Elle met rapidement en évidence l’existence d’un réseau européen de tueurs travaillant en équipe, se stimulant à travers des rituels et des défis.

Logiquement Darquandier se rapproche de la source policière à Grenoble et en consultant les archives de la mairie, et en faisant recouper les dates des crimes avec les profils des habitants, localise une famille potentielle de tueurs vivant dans une casse rachetée par Auguste Jimmy Bartel un ancien pilote automobile marié à sa cousine Irène Grenada.

Le Docteur Schizzo dont la personnalité a partiellement fusionné avec l’invasif Schaltzmann et qui est à présent victime d’inquiétants délires mystiques mais aussi de géniales intuitions, fournit une aide précieuse à Darquandier pour l’aider à s’introduire
dans les systèmes des tueurs qui utilisent un réseau de cybersex spécifique pour communiquer.

Le duo réalise alors un casse virtuel et dérobe la majeur partie des fichiers du groupe : ce qui révèle leur nom Ceux des ténèbres, certains de leurs crimes barbares, leurs rituels iniatiques avec déguisements, offrandes sacrificielles à leur mythologie tordue et surtout leur grand objectif de tuerie de masse pour célébrer le nouveau millénaire.

Ecœuré et effrayé, Darquandier décide d’intervenir physiquement et demande l’aide de Schizzo/Schaltzmann pour s’introduire dans la casse grenobloise en leurrant les défenses des tueurs.

Sur place, il y découvre un musée des horreurs avec salles de tortures, système d’enregistrements des supplices des victimes et fours à haute température pour faire disparaitre les restes.

Après ce raid, la quête de la famille emmène toute l’équipe vers la Cote d’Azur puis en Italie ou près du Lac majeur ils possèdent une autre base secrète.

La traque est cependant retardé par l’effondrement temporaire du Docteur Schizzo incapable de juguler la personnalité dévorante de Schaltzmann qui le met en surrégime.

Pressé par le temps et l’imminence du réveillon, Darquandier et Svetlana se font passer pour un autre groupe de tueurs désireux d’intégrer Ceux des Ténèbres et sèment également le doute sur la fiabilité de leur expert informatique un certain Minox.
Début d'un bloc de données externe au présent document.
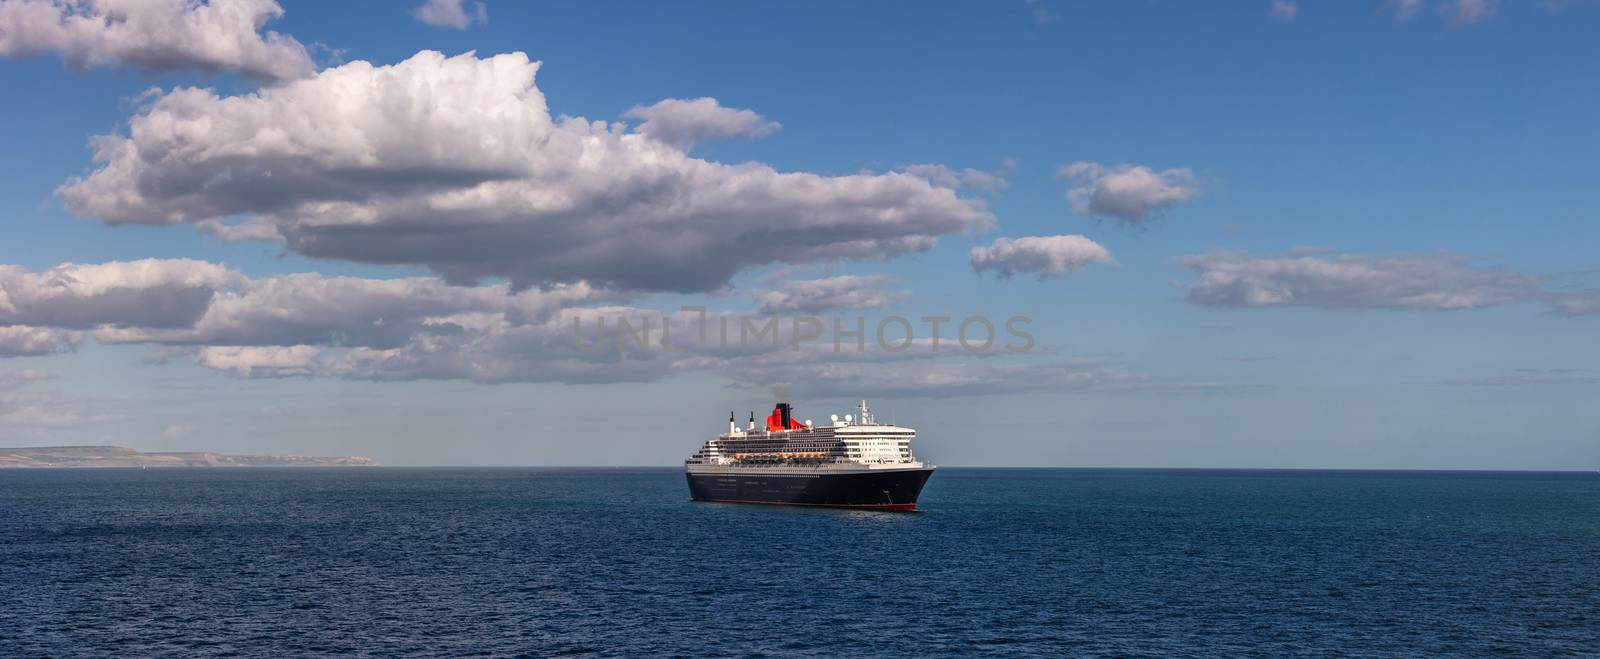 Weymouth Bay, United Kingdom - July 6, 2020: Beautiful panoramic shot of Cunard cruise ship Queen Mary 2 anchored in Weymouth Bay. Beautiful blue sky as a background.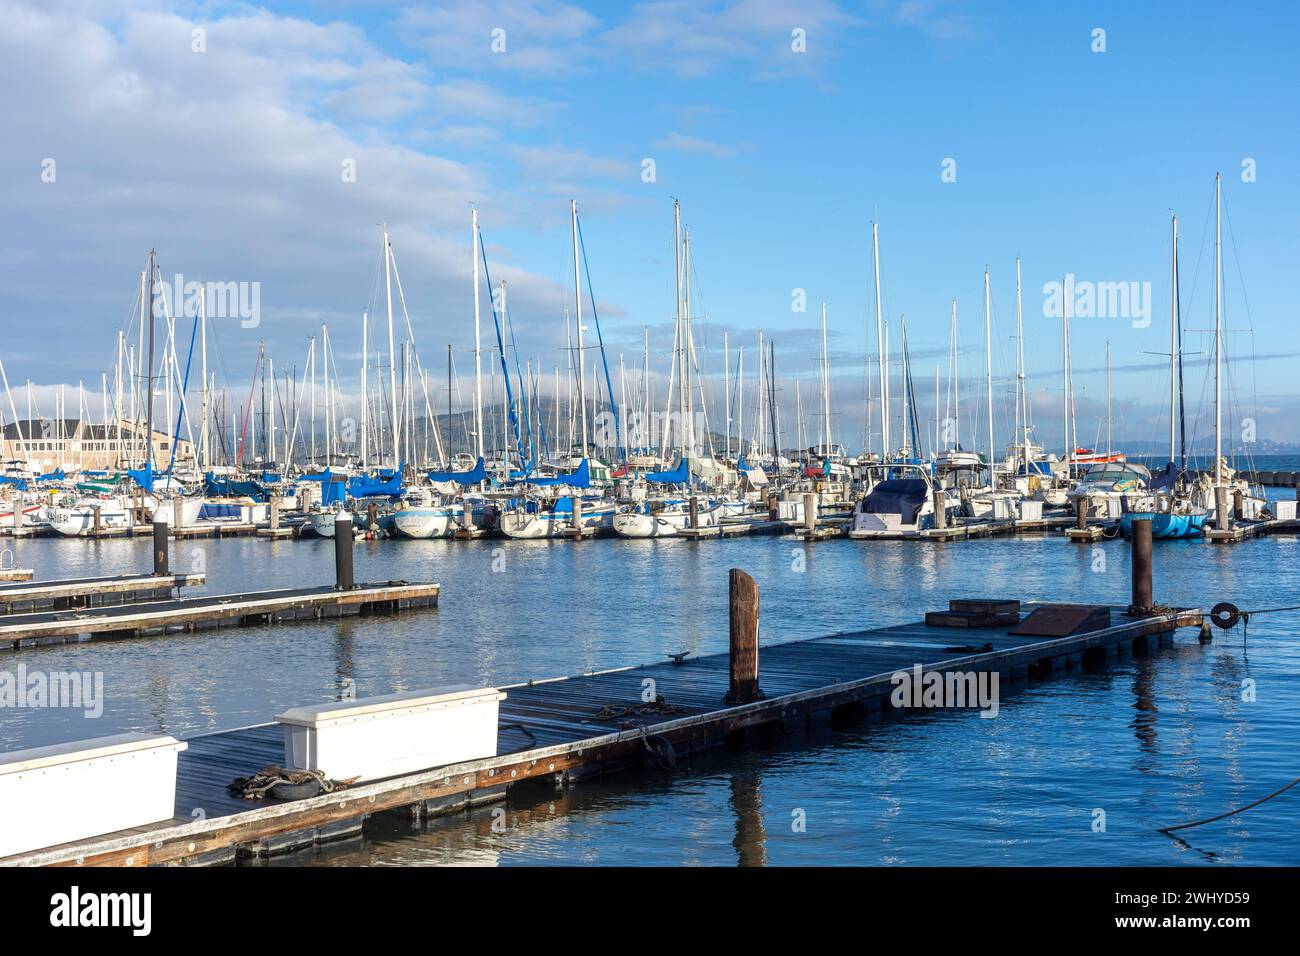 Boat marina at Pier 39, Fisherman's Wharf District, San Francisco, California, United States Stock Photo

La ruse prend puisque Ceux des Ténèbres finissent par s’entretuer en pleine nuit près du Lac majeur et que leur base piégée par Darquandier explose de manière spectaculaire sans faire toutefois de victimes directes.

Malheureusement les deux victimes qu’ils comptaient sacrifier ne peuvent en réchapper mais le rituel n’est pas pour autant accompli.

Resté seul avec Jérôme Granada le frère d‘Irène, Darquandier ne peut s’empêcher de l’immoler avec un cocktail Molotov.

Conséquence de l’affrontement, la neuromatrice provoque au passage à l’an 2000 un effet Electro Magnétique Pulse qui paralyse temporairement tous les systèmes de communication du globe.

Resté seul après la rupture prévisible avec Svetlana, Darquandier retourne à ses premiers amours de chercheur assistant à l’implantation de ses chères neuromatrices dans des lanceurs spatiaux.

En conclusion, tout ou presque suffit à définir Dantec dans « Les racines du mal », une première partie polar ultra haletante et ciselée comme une lame puis le basculement progressif vers un univers technologique ou l’écrivain peut à loisir développer voir dériver autour de ses théories pseudo scientifiques ou spirituelles (la Kabbale, le Gnosticisme).

Trop long, excessif dans tout (théories scientifiques avant-gardistes ou pure description des horreurs des psycho-tueurs), « Les racines du mal » n’en demeure pas moins une œuvre impressionnante dans sa construction et dans sa créativité débridée, marque de fabrique de Dantec qui restera comme un écrivain brillant, marginal et passablement cintré.